* Exercise: The part below that opens with the line containing "Billiard and poolroom" and closes with the line containing "Caucasian family with" should be copied exactly, minus any pictures.

* Data for the task:
══════

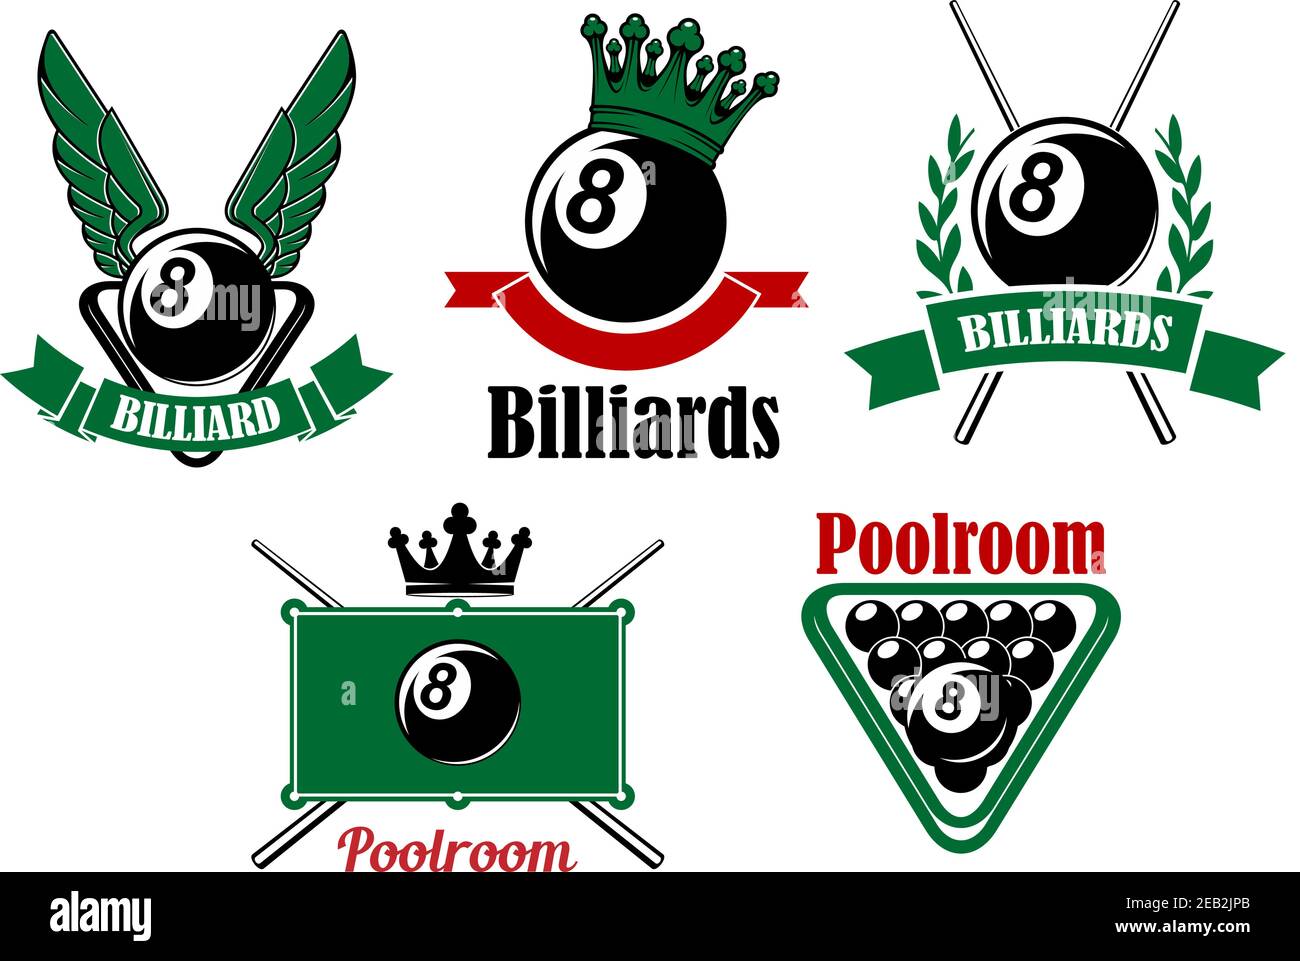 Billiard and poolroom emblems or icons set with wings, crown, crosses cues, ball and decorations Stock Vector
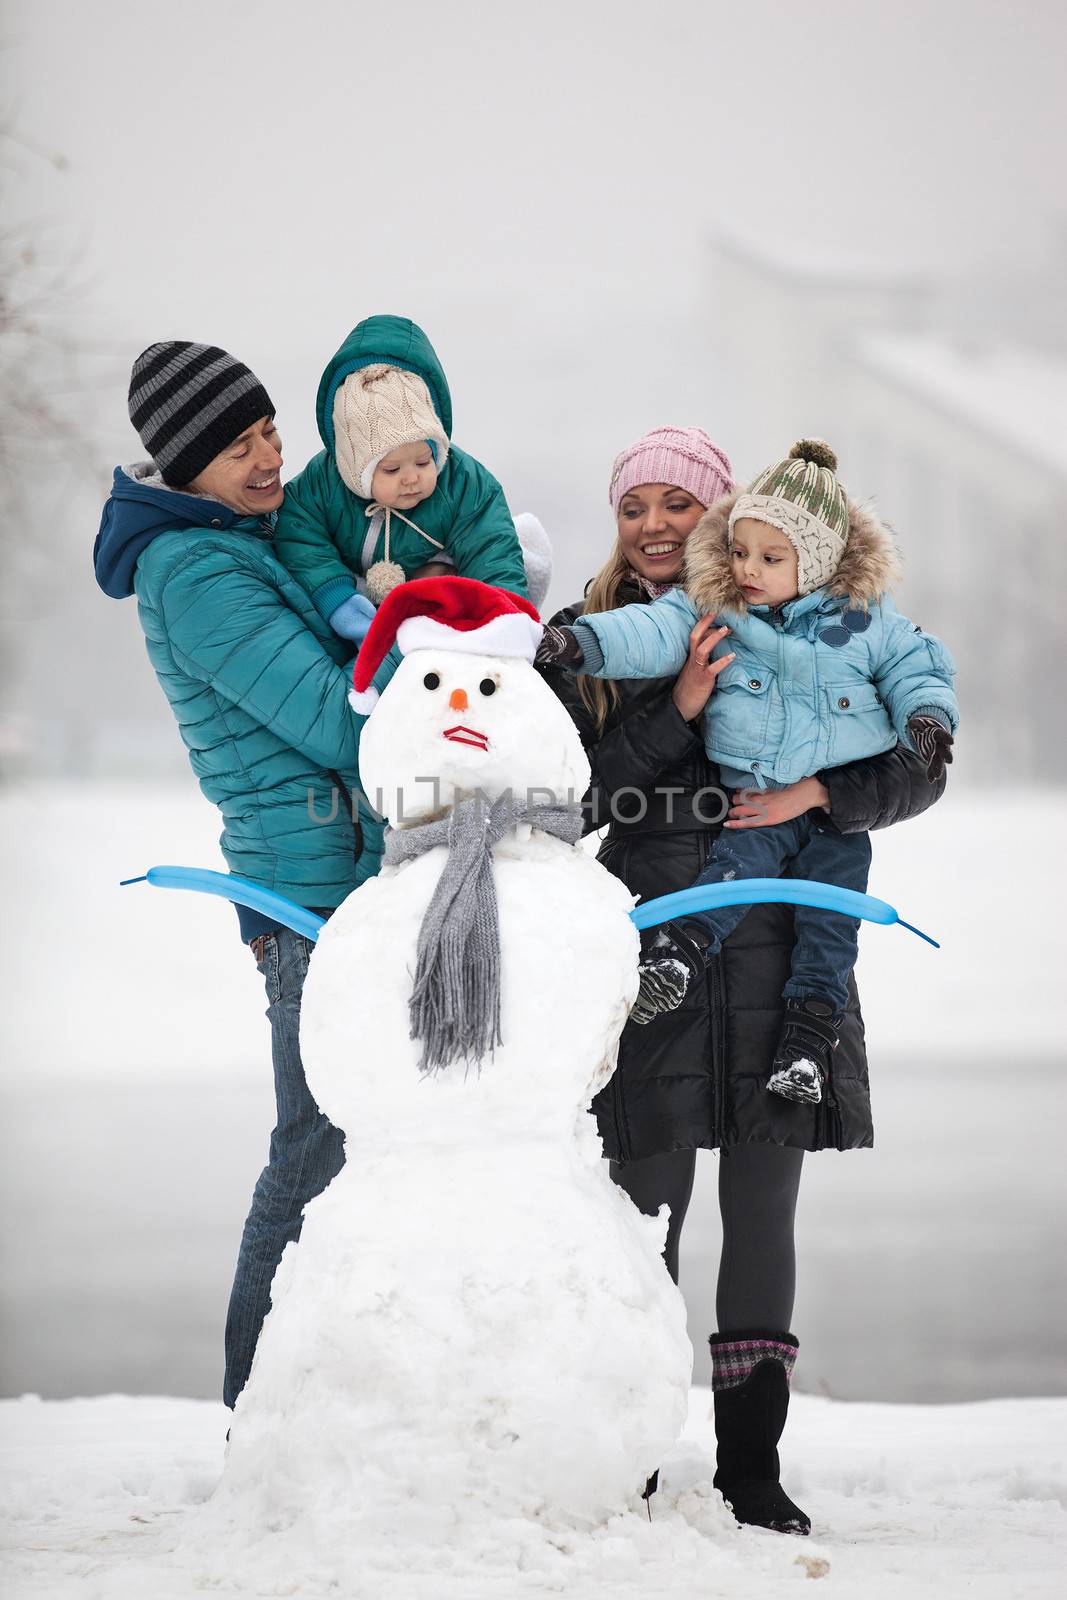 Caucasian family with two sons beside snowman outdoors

══════

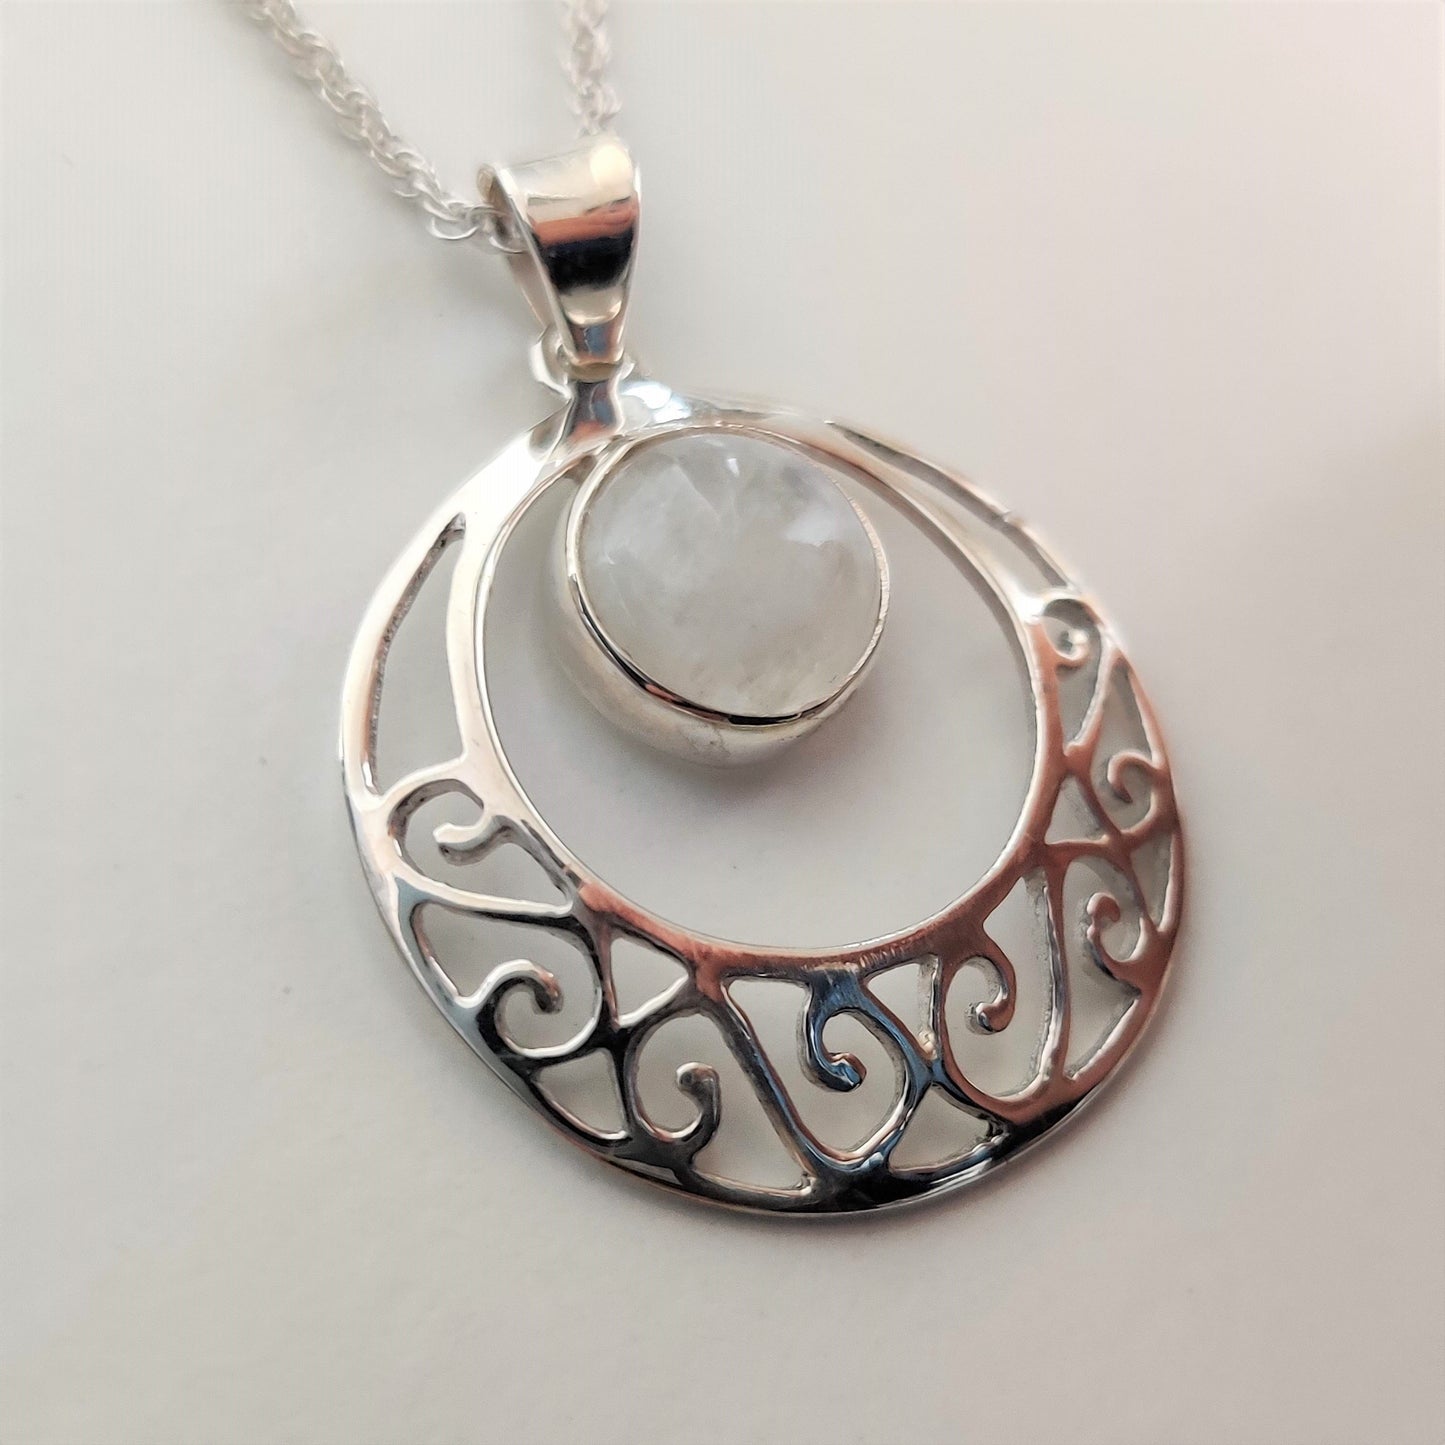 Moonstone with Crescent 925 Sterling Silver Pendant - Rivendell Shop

══════

* Solved exercise:
 Billiard and poolroom emblems or icons set with wings, crown, crosses cues, ball and decorations Stock Vector
 Caucasian family with two sons beside snowman outdoors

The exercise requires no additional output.